Frequently asked questions

How much does garage door weatherstripping cost?

The side and top jamb seal for a standard door is inexpensive — often around $60–$150 in materials and light labor, driven by the door size and the seal rate. Enter your own width, height and $/ft above for a figure tied to your job; the bottom seal is a separate cost.

How do I measure how much weatherstripping I need?

The jamb seal runs up one side, across the top and down the other side, so the length is the door width plus twice its height. For a 16 × 7 ft door that is 16 + 7 + 7 = 30 ft. Add a little for corner cuts and waste — the contingency buffer handles that.

Is the bottom seal included in this estimate?

No. This tool prices the top and side-jamb seal only.
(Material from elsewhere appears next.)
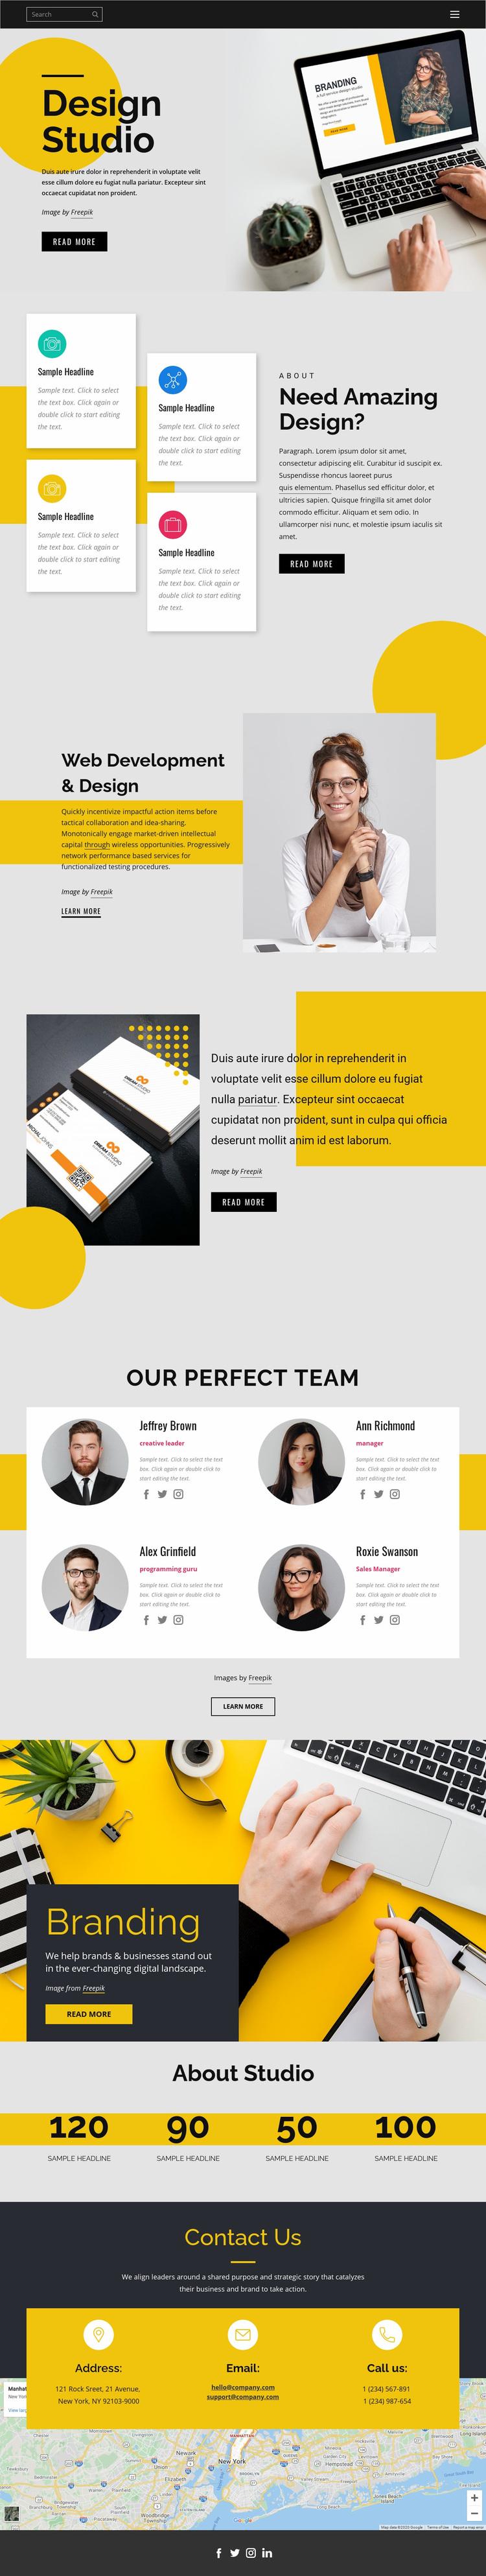 Brand, print & web design Web Page Designer

The bottom seal (the astragal along the floor) and any threshold are separate parts — price them with the weather-seal & threshold calculator.

Can I replace weatherstripping myself?

Jamb weatherstripping is a common, low-risk DIY job — it does not involve the springs or cables — so many owners fit it themselves and leave labor at $0. If you would rather have it done, enter the installer’s labor figure. Either way this is a cost estimate, not a bid.

How often should garage door weatherstripping be replaced?

Vinyl and rubber jamb seal typically lasts several years but hardens, cracks and shrinks with sun and cold. Replace it when you see daylight or feel drafts at the edges, or when a tune-up flags it.

Does weatherstripping help with insulation?

Yes — a great deal. Even a high-R door leaks heat and rain if the perimeter is open. A tight jamb and bottom seal is what lets an insulated door actually hold its rated value in everyday use.